American actress (born 1999)

Kayla Rose Maisonet (born June 20, 1999) is an American actress and influencer. She portrayed Georgie Diaz in the Disney Channel sitcom Stuck in the Middle, and Lindsay in the Disney Channel sitcom Dog with a Blog, and Izzy on the ABC sitcom Speechless.

==Early life==
Maisonet was born in New York City on June 20, 1999. Her parents are of Russian and Puerto Rican descent. Maisonet grew up in Freehold Township, New Jersey.

==Career==
Before acting in shows, she worked on print, commercials, and theatre in Manhattan. She began acting in 2011. Her first appearance was in a short film called A New York Fairy Tale. In 2012, she worked on the television pilot Shmagreggie Saves The World, which later went unsold.

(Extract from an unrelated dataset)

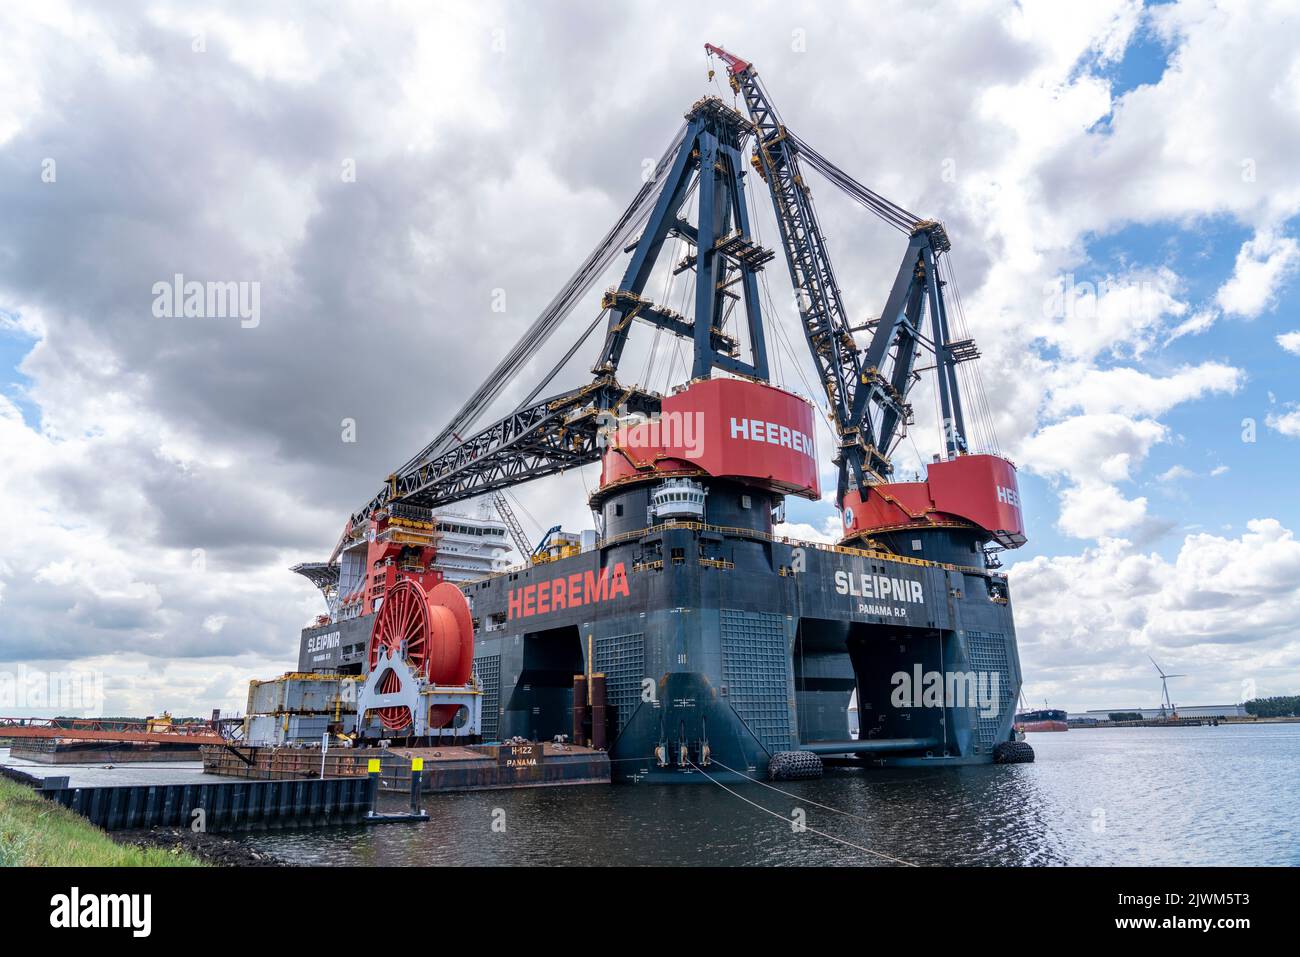 Petroleumhaven, der größte Schwimmkran der Welt, Heerema Sleipnir, aus Rotterdam, Niederlande, Stockfoto

Maisonet landed a recurring role in the Disney Channel series Dog with a Blog playing the recurring character Lindsay, Avery's best friend, which she held throughout the show's run. For her role, in 2014, she won a Young Artist Award. In 2013, Maisonet also had a recurring role on the Nickelodeon series The Haunted Hathaways as Lilly.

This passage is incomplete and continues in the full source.